Every writer has a scene like this vase! I had to lose a scene from The First Lie but I hung onto it and managed to sneak it into The Second Path :-)  (Photo: Virginia King - I own this vase!)

 

5. Things You Have to Keep

Like the stamp collection from uncle Melvin that your mother insists you must treasure, there are some things you just have to keep, even if they come with baggage. It’s the same with mystery writing. Some characters turn up with backstories you weren’t expecting and try as you might to rewrite their history, they defy you. Then you’ve got to find space for them and make the situation work.

6. Some Things Dominate

When moving to a new home spaces have to be found for the big things – the bed, the sofas, the dining table. This is more important than finding a wall for your favourite painting. Once the dominant things are in place, then the smaller pieces can be moved around until the arrangement is pleasing. In mystery writing, the dominant plot elements are rearranged so the critical events keep the reader on the edge of their seat. This happens in a structural edit. Then the supporting clues and descriptions find their place around them.

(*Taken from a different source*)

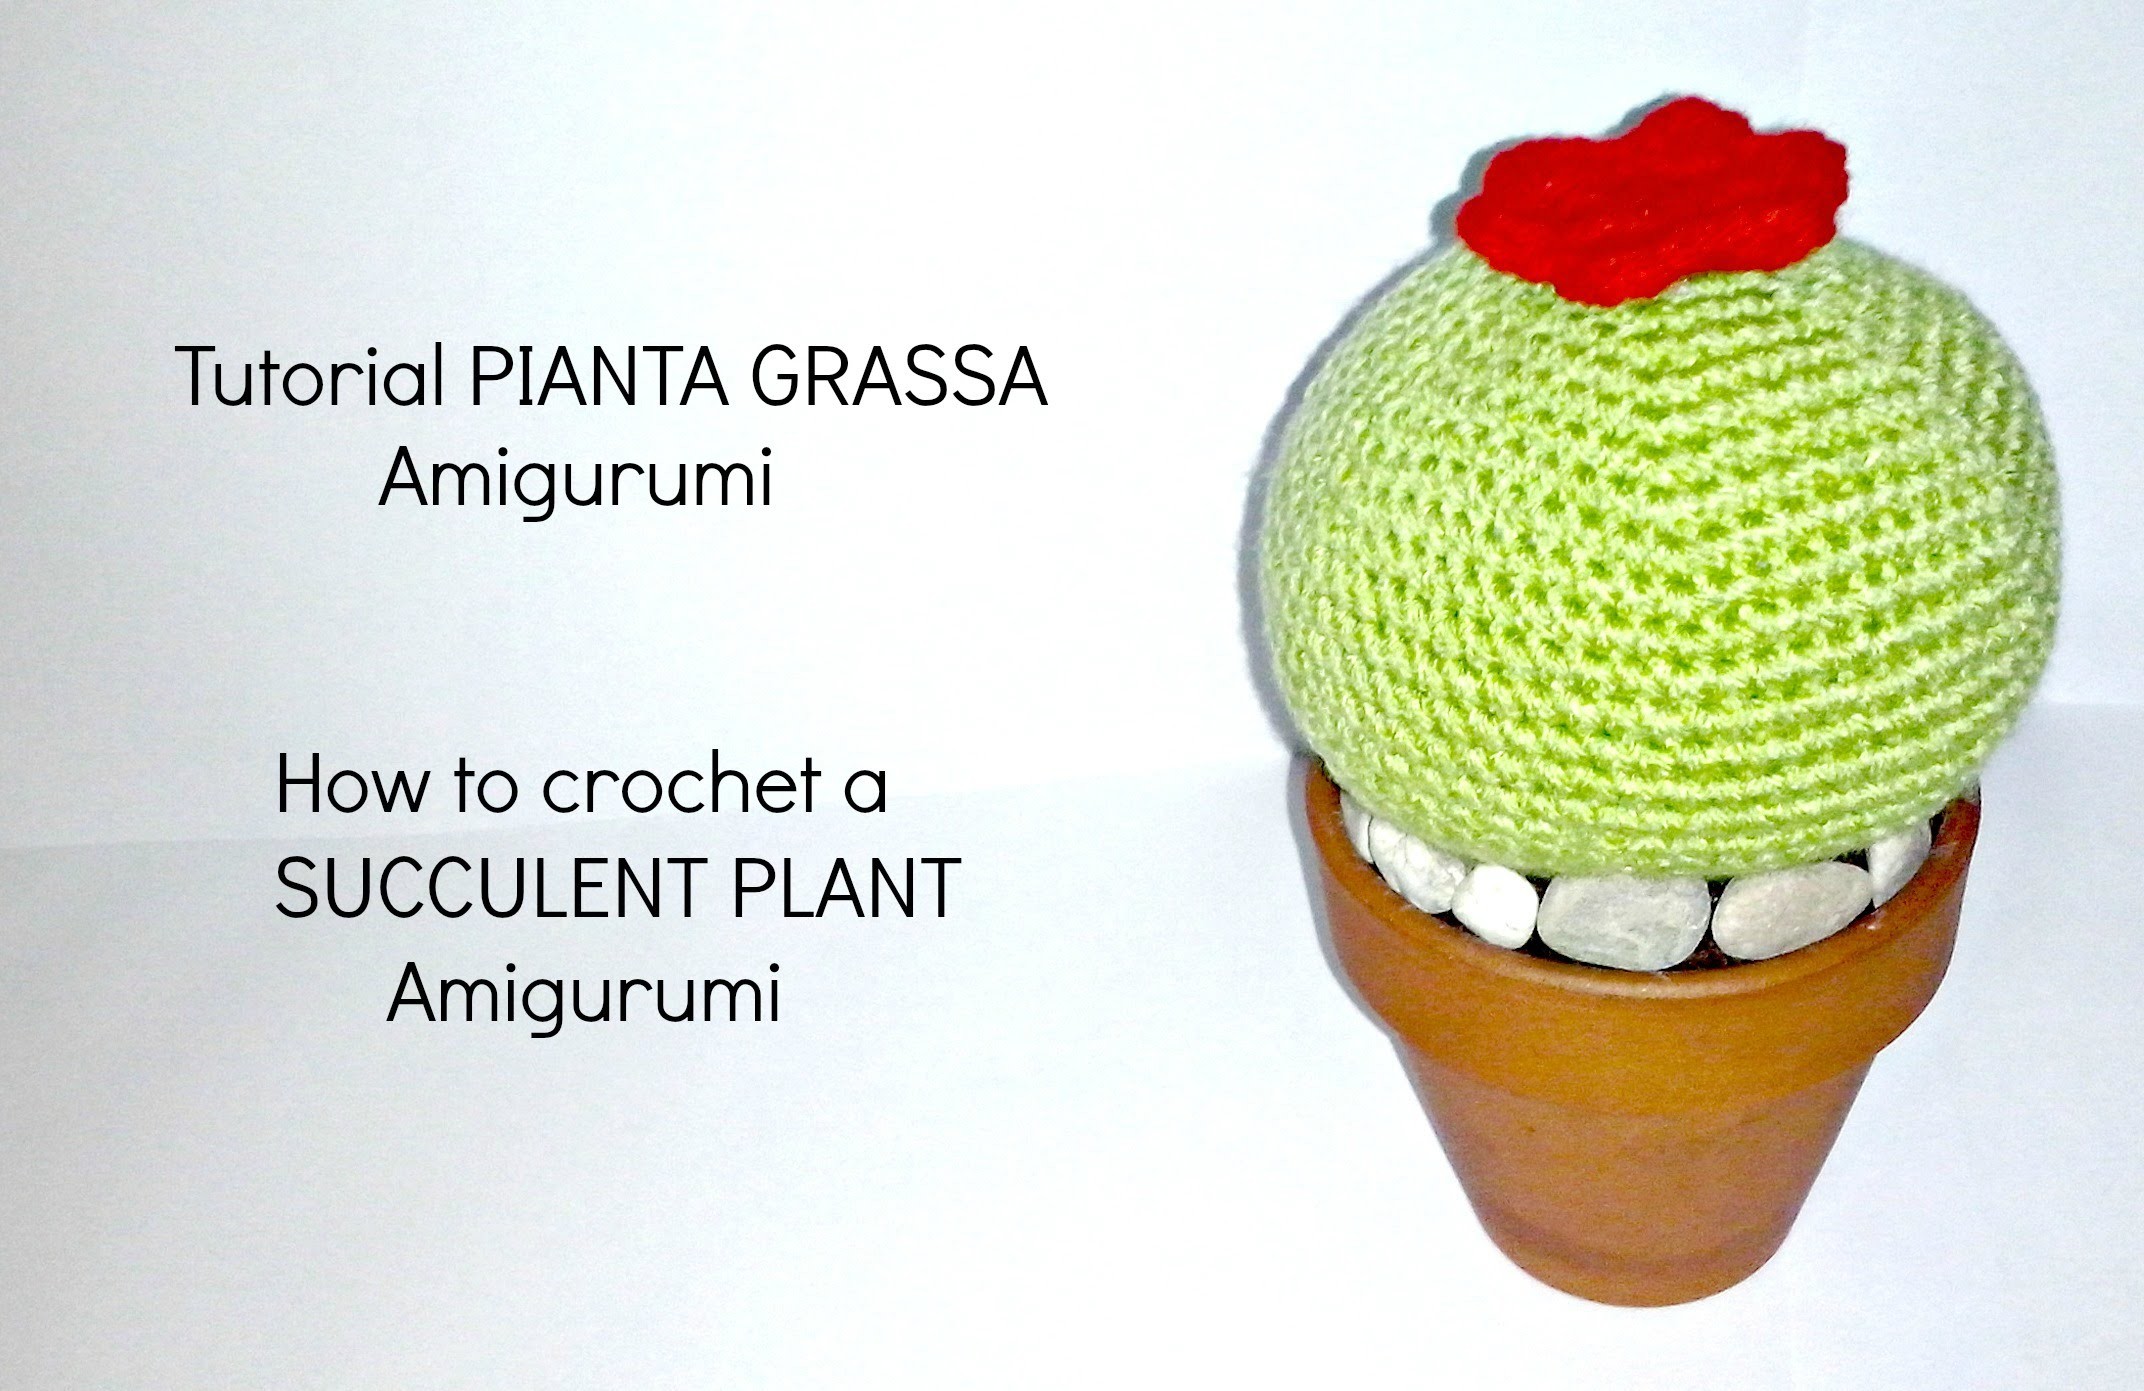 Tutorial Pianta grassa amigurumi | HOW TO CROCHET A SUCCULENT PLANT Amigurumi
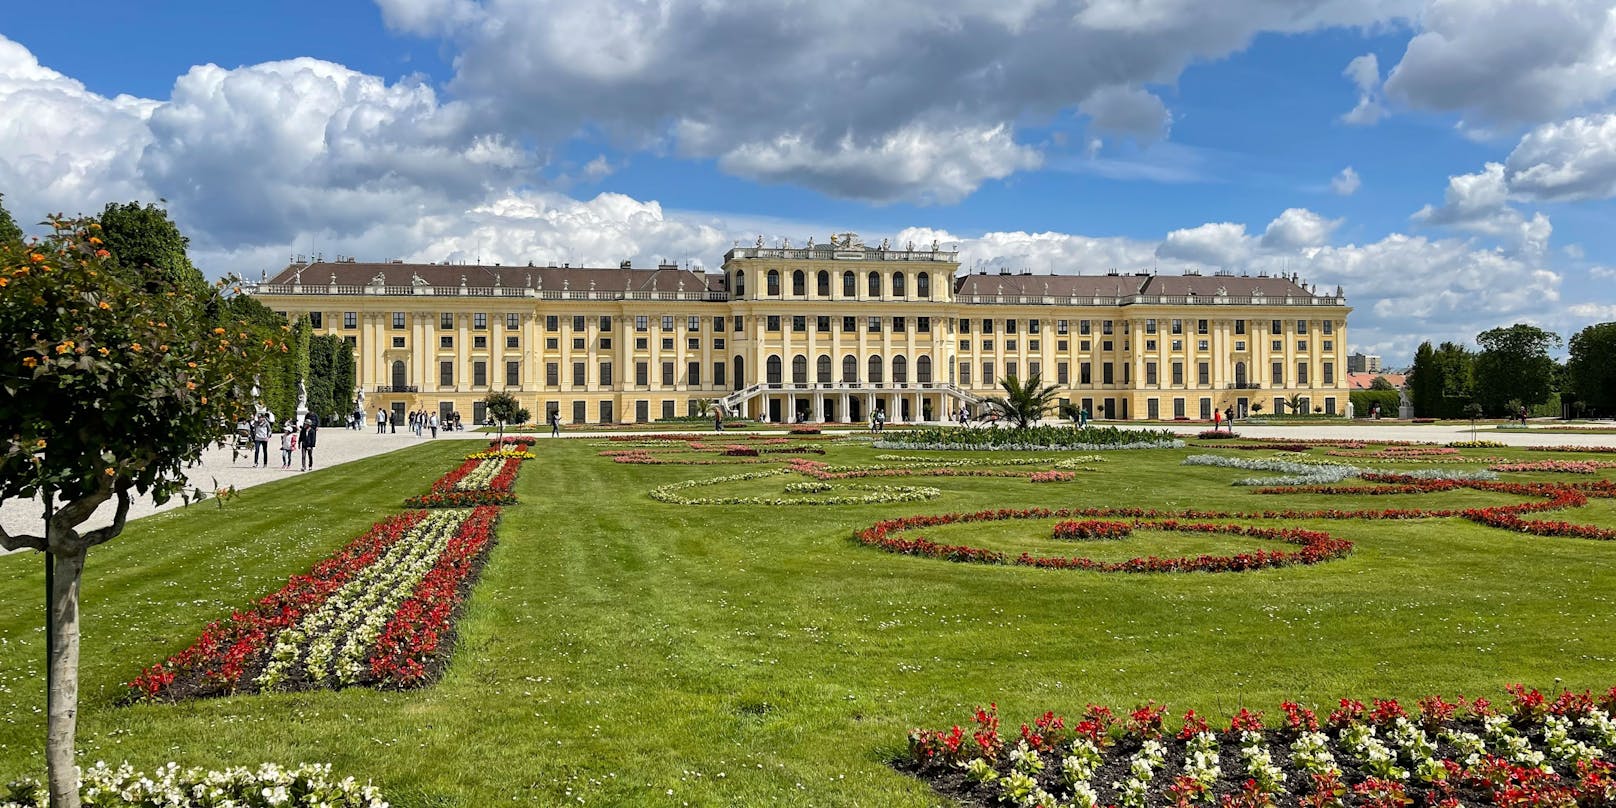 Das Schloss Schönbrunn in Wien belegte im internationalen Ranking von "TripAdvisor" Platz 10.

7. Finding Unexpected Connections

When unpacking pieces of furniture they’re first placed in a disorderly fashion creating unexpected connections. The lamp is standing in front of a painting stacked against the wall and the lampshade brings out the colours in the painting in a way you hadn’t noticed because they used to be in different rooms. You decide to place them together. In mystery writing, you’ll put an idea in the manuscript, not knowing what it means, and then suddenly in the middle of the night your brain will connect it to another element in the story, or a completely new idea will connect back to it in an unexpected way, adding a refreshing depth to the mystery.

 

Sometimes an item of furniture can be an idea. An African sculpture popped up as a keepsake in The First Lie and played an unexpected part in the evolving plot. (Photo: Kenn W Kiser, The Morgue File)

 

8. Rest Brings a Fresh Perspective

Furniture moving is exhausting and you have to leave the house and go to a cafe. When you return you can see how a new arrangement will solve a space problem. It’s the same with mystery writing – getting away from the draft, often by sleeping on it, will bring a solution to whatever problem you were struggling with.

9. A Deeper Meaning

Moving house isn’t just about unpacking furniture, it’s about creating a home. There’s a deeper purpose to the actions. With a mystery it’s not just about creating a story, it’s about taking the reader on a journey, using the unfolding puzzle to throw new light on human nature and create an experience on multiple levels. This deeper meaning brings energy to both tasks.

10. You Need Expert Help

If you’ve ever moved house using only family members, you’ll know that they don’t have the skills of an expert. The move happens but it’s a struggle and things get scratched and broken, relationships get frayed. With a manuscript, getting your best friend’s opinion rarely works. You need an editor at more than one stage of the writing process. Like professional removalists can make a house move easy, editors have independent opinions and special techniques that will transform your story with a professional touch.